Stockholm - The collapse of cash in Britain has been dramatic.

There were 11.5 billion fewer cash transactions in 2018 than in 2008 - a decline of 51 per cent. But Britain, while on the podium, is not the world champion in cashless.

That title goes to Sweden, where demand for notes and coins is so limp that cash is literally disappearing: the amount in circulation has fallen from 80 billion kronor (Dh30 billion) to 58 billion kronor in the last four years, a reduction of 27.5 per cent. The same period has seen ATM withdrawals fall by more than half.

In Japan, among the most dedicated cash-loving rich countries in the world, 79 per cent of people use cash every day. In Sweden only 60 per cent can remember using it - at all - in the last month.

It has become a self-fulfilling prophecy. As everything from Ikea stores to public transport to the Abba museum have gone cashless, so Swedes have ditched notes and coins. Polls show that only a quarter of people miss cash, while almost half actively welcome its parting.

But even here there is a recognition that there is a price to pay. A price which can be seen most starkly in a public information leaflet distributed last year to all Swedish homes called “Om krisen eller kriget kommer”: “If crisis or war comes”.

The leaflet outlines the country’s project of “Total defence” against invaders and terrorists. The tone is from the Cold War, but the threats are from the digital age. “What would you do if your life was turned upside down?” it asks Sweden’s 10 million people. “[If] payment cards and cash machines do not work?” “[If] Mobile networks and the internet do not work?
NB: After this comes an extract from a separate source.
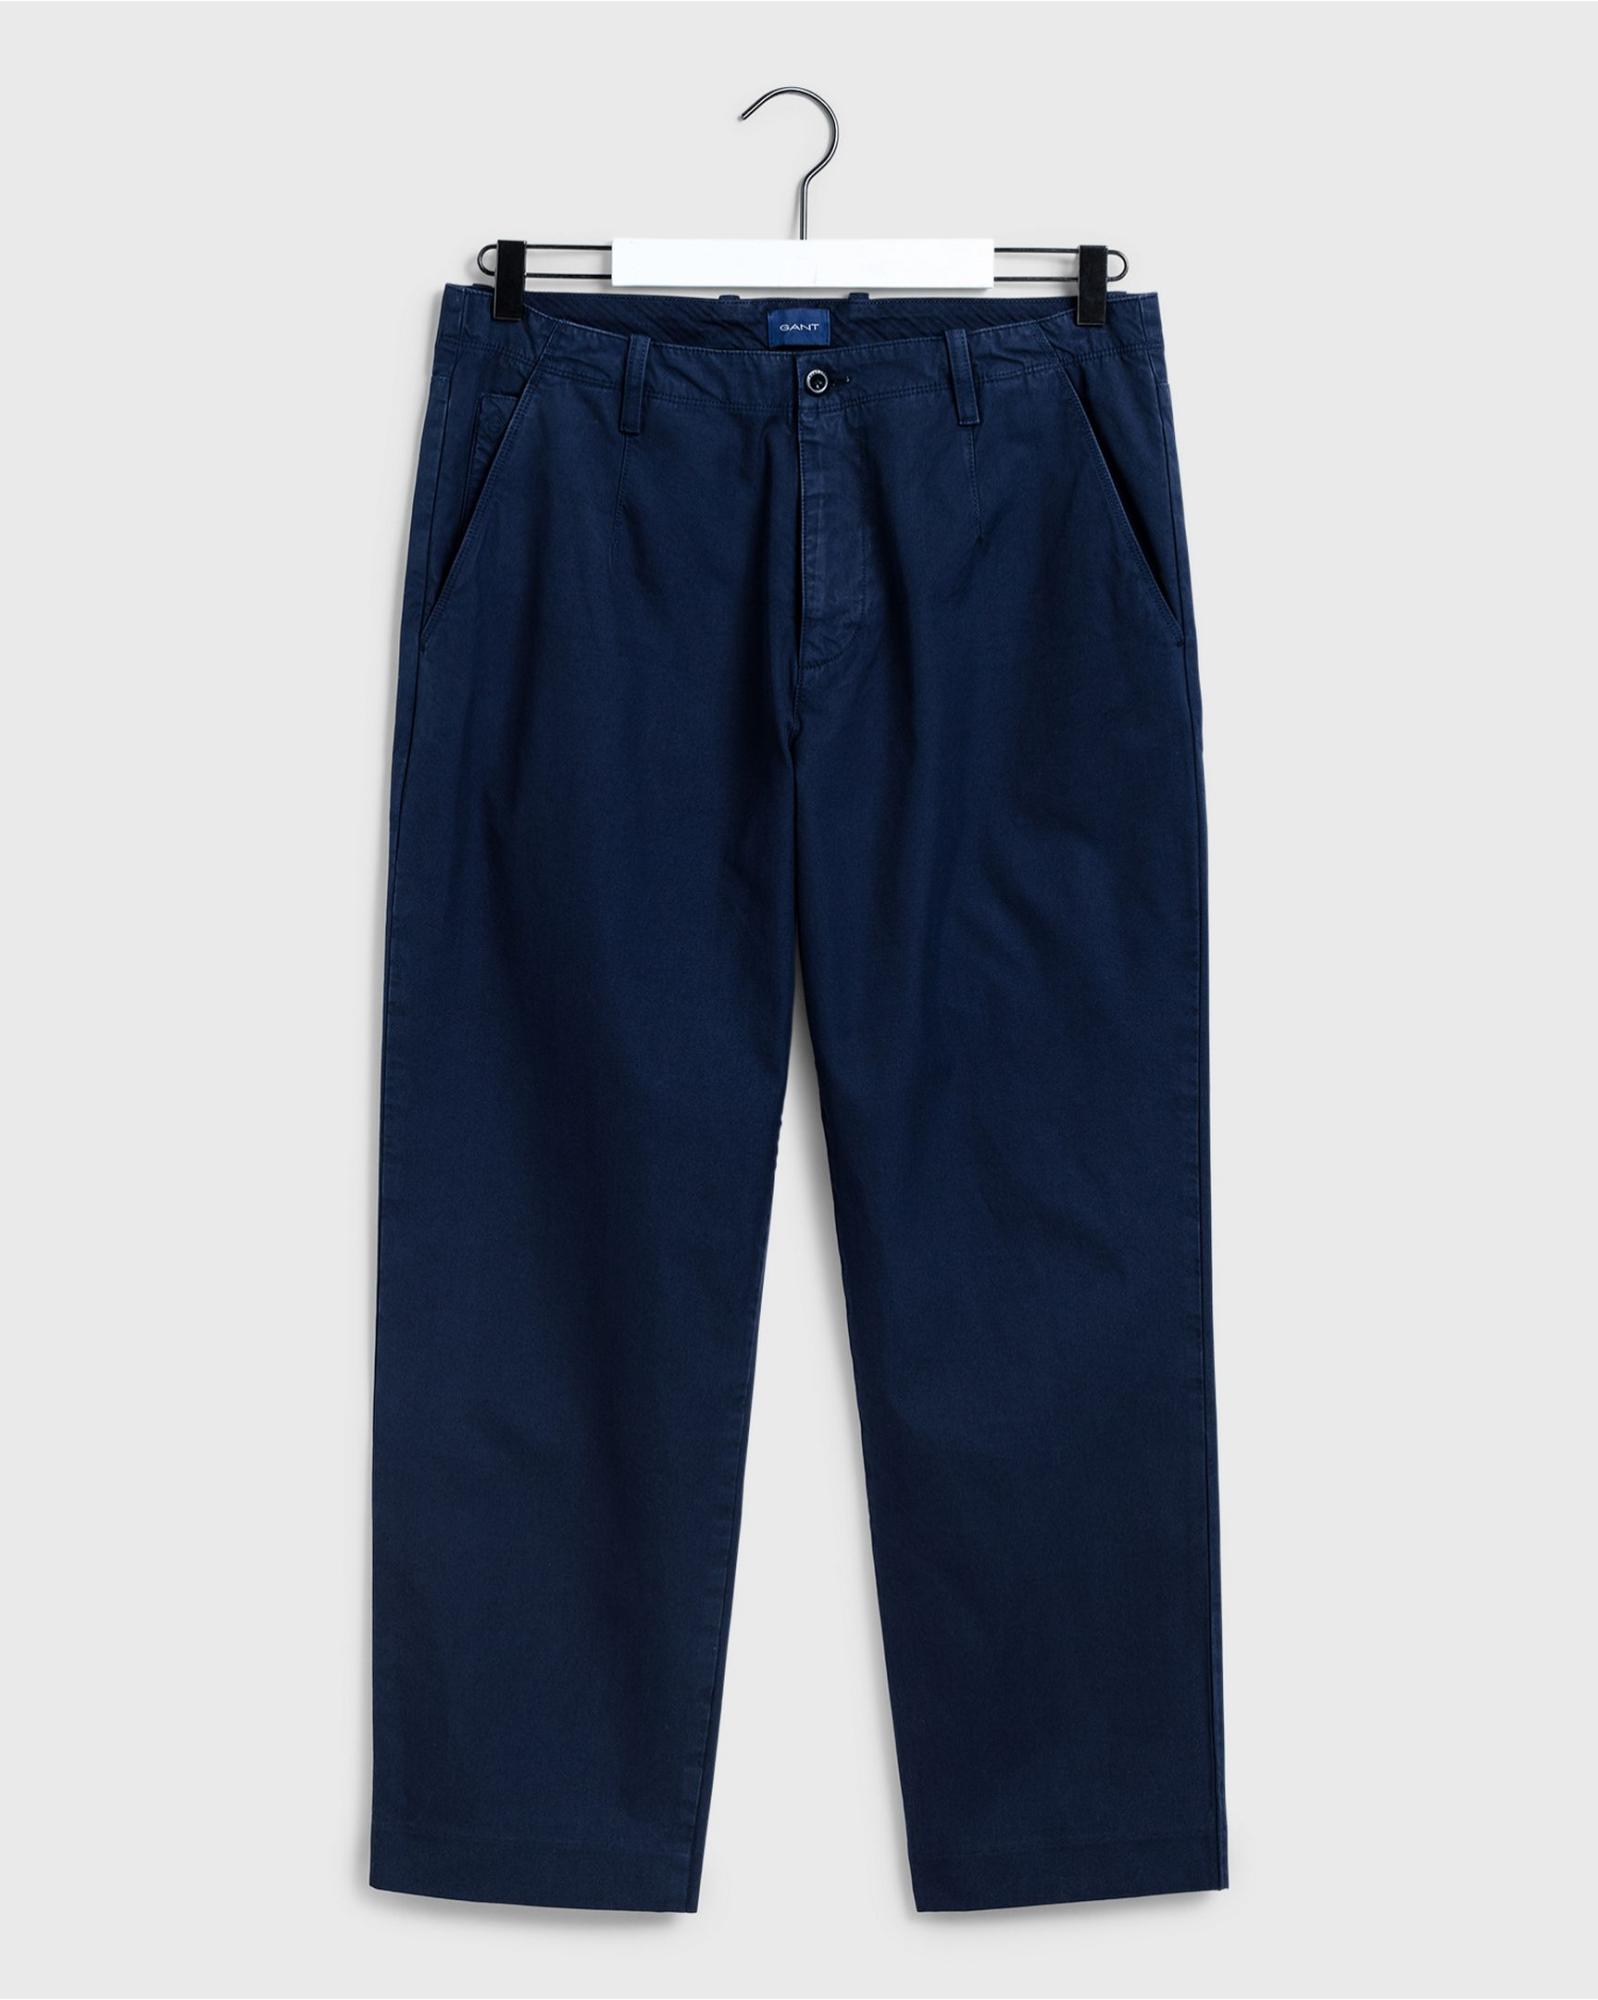 Мужские брюки чинос Gant, синие, цвет синий, размер 33

“Even today, attacks are taking place against our IT systems,” it notes, listing a kit of emergency supplies all Swedes should keep. Alongside a wind-up radio, they are told to salt away “cash in small denominations”.

Short of the apocalypse, however, Swedes will be using Swish - an app which allows instant cash transfers using just a mobile phone number. Or another home-grown payments technology, iZettle.

And a few thousand have even gone so far as to implant RFID chips under their skin, so that they can pay with nothing more than a swipe of the palm.